Curtain raised. The stage is set. Black-clad, sloshed and dishevelled, the great author Titus Jensen steps into the light. Expectant laughter. A washed-up has-been, he can faintly remember being the hero on the Swedish literary scene. A former national treasure dulled by partying hard and drinking harder, now he has become the laughing stock of the yearly festival, where he is dragged out to read tech manuals and royal histories to the obscene amusement of the crowd. Backstage, he fades in and out of his stupor to chat with his comrade Eddie X, charismatic prophet of love and popular beat poet, about their uncertain future as authors in a ferociously competitive world. Together they come up with a bright idea to mesmerize the masses once again and get ahead of the bookselling game.
What they need is to write the best book in the world. It needs to be a book so good that it will top the charts in every genre, and cater to every taste imaginable. Romance, murder mystery, self-help and cook book, psychological thriller and chick lit – the best book in the world must be all of these things and more.
Fired up by their synchronized flash of brilliance, Titus slinks back to his ramshackle apartment to secretively start work on the book that will save him from obscurity. Under the strict guidance of his exasperated agent, Astra, he sets out to sober up, straighten himself out and turn his new obsession into reality. Soon he will have a new lease on life. However, the bottle is not the only danger on the road to fame and fortune, and Titus has to face more than his own demons to reach his deadline in one piece. Better to be obsessed than dependent.
The Best Book In The World is a clever piece of work, an explosively brief bombshell of everything you could ever love in a book. Mirroring Titus’ fictional adventures of protagonist inspector Håkan Rink, the writer himself goes through a cathartic process of reinventing himself through far-out self-help and misguided attempts at psychology. Throughout, the reader is treated to an equally invigorating trip down a literary rabbit-hole.
The Best Book In The World manages to be dark and goofy, profoundly ridiculous, flighty and gripping, a breezy read which is rewardingly demanding. Every time I thought I had this book pinned down, it caught me off guard in the very next chapter. Some of the more absurd bits, like Titus’ visit to deranged psychotherapist Dr. Ralf, even made me laugh out loud – a personal rarity when it comes to reading. And when you think you’ve seen it all, Stjernström has one final surprise in store: A discomfortingly sharp switchback at the end, which turns the entire story on its head. Having finished it, I think reading it again would be an entirely new and different experience. It certainly is a book which deserves a different cover whichever way you turn it.

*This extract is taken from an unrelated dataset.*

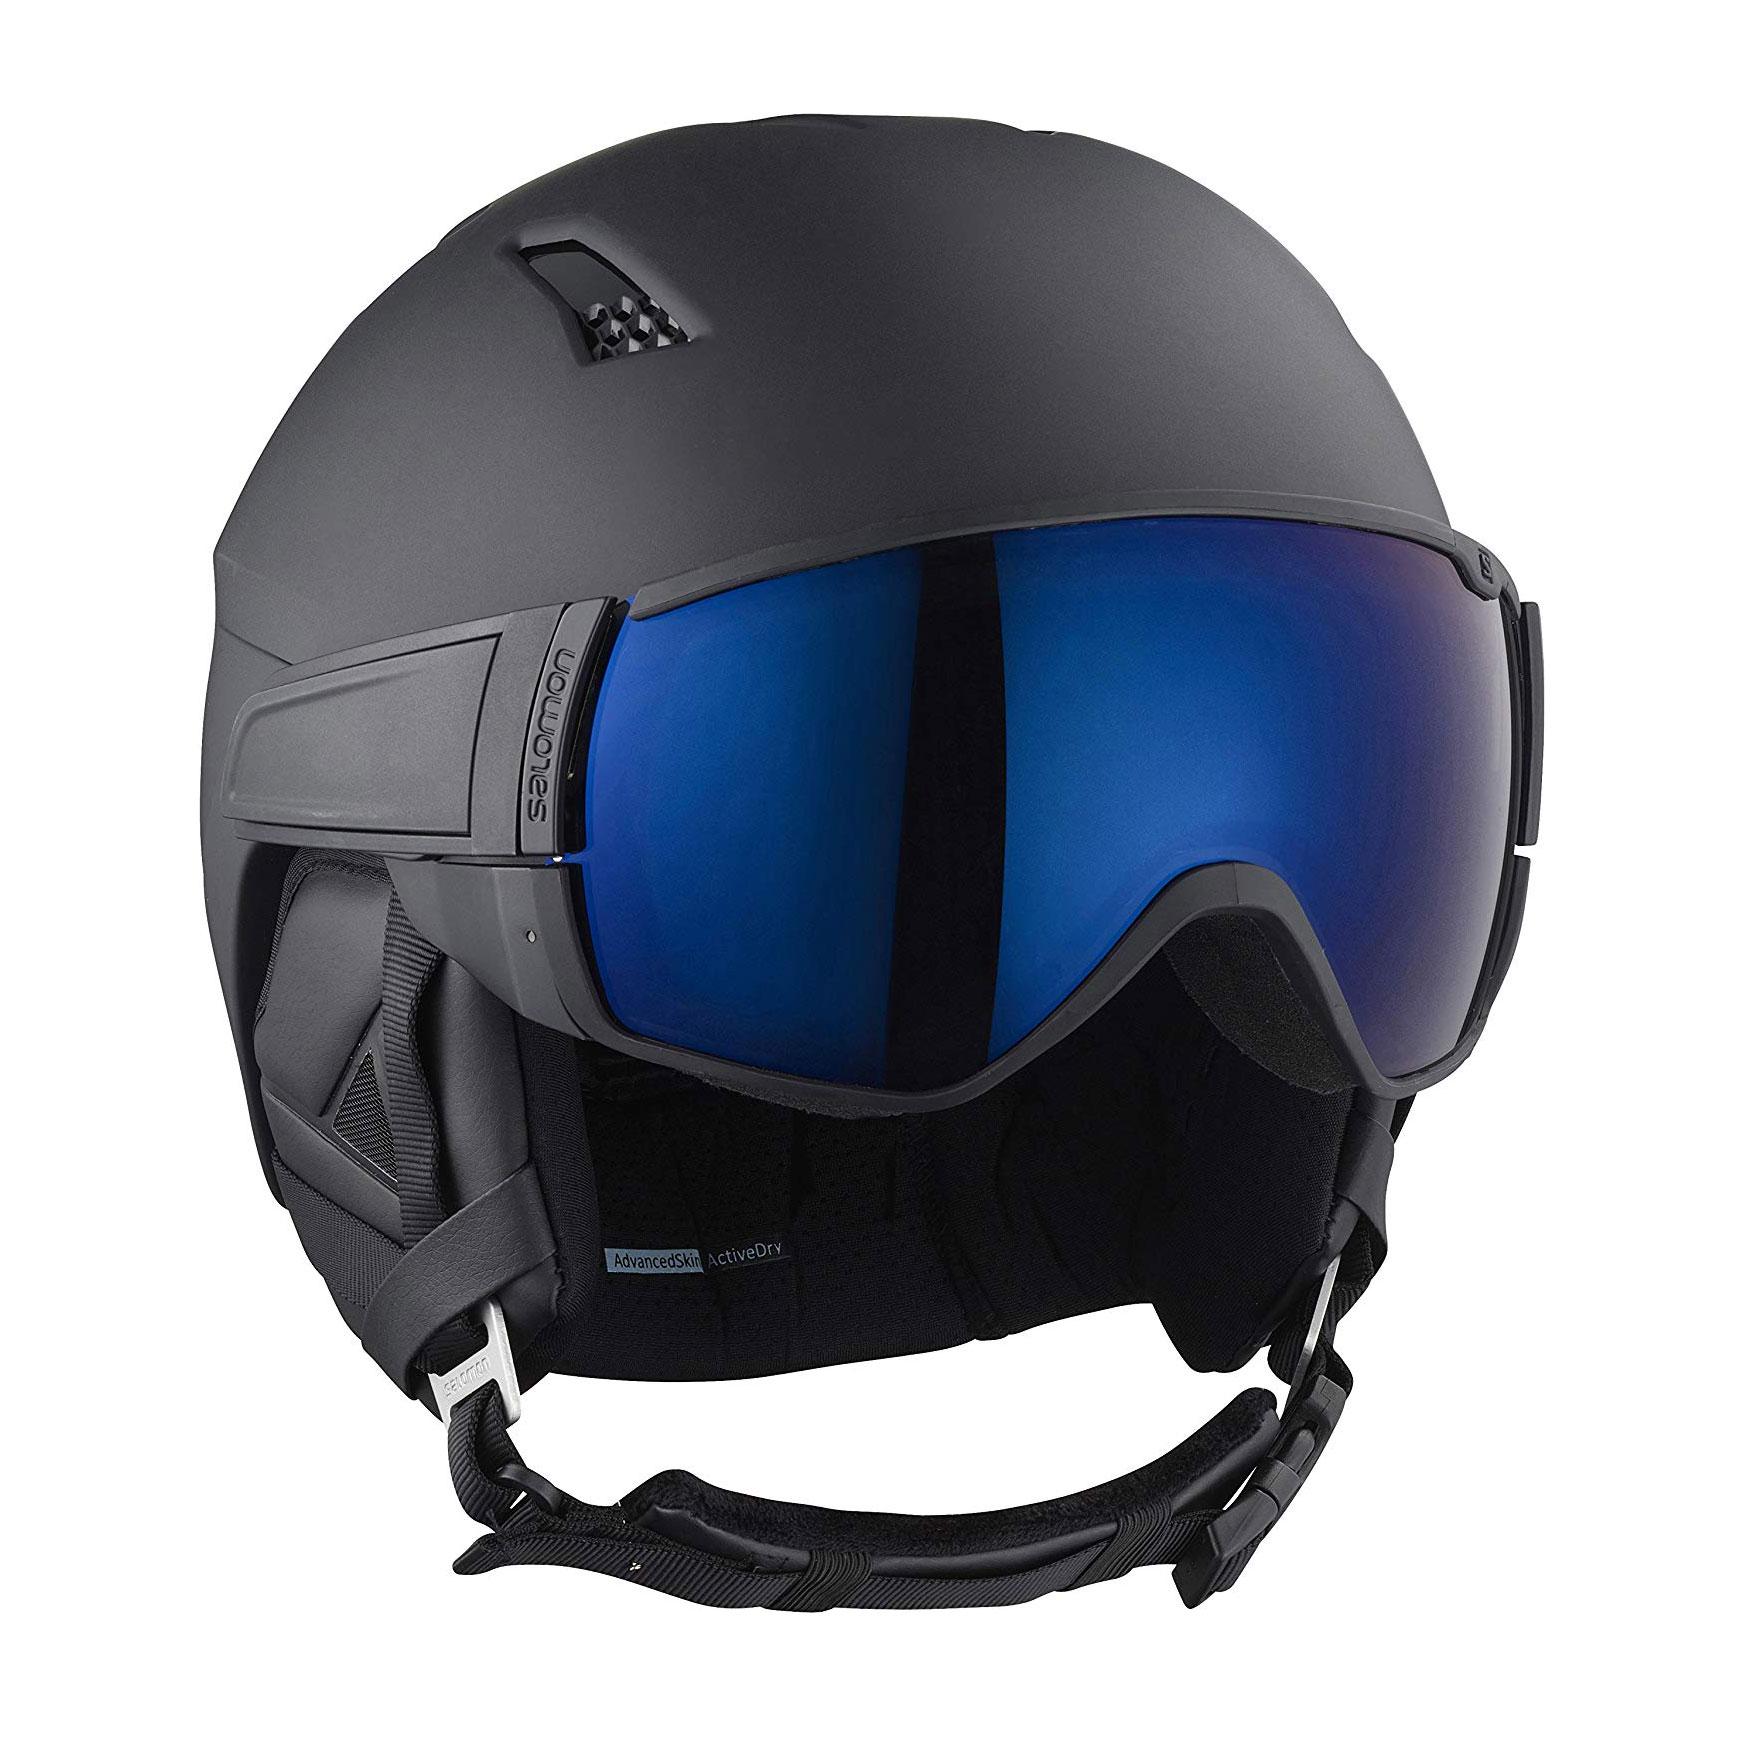 4db9e8a0 Details about Salomon Driver S Men and Women's Black Ski Snowboard Visor  Helmet, Size Small

Fast-paced and hard-hitting throughout, the story’s characters are sympathetic and delicate, inviting us to join them on a carnavalesque merry-go-round past crime and sex, poetry, art history, horror, telemarketers, cold revenge, novelty T-shirts, uneasy friendships and tearful family reunions. And to top it all off, a delicious recipe for the world’s best pizza, with God in the middle. Divine!
While The Best In The Book might fall somewhat short of being the best book in the world, it is still quite an achievement to write a book that could very well be reviewed in a thousand different ways, and still baffle and stupefy. Now all that’s left to do is to wait for them to transfer it to the big screen, preferably a production starring Hugh Laurie.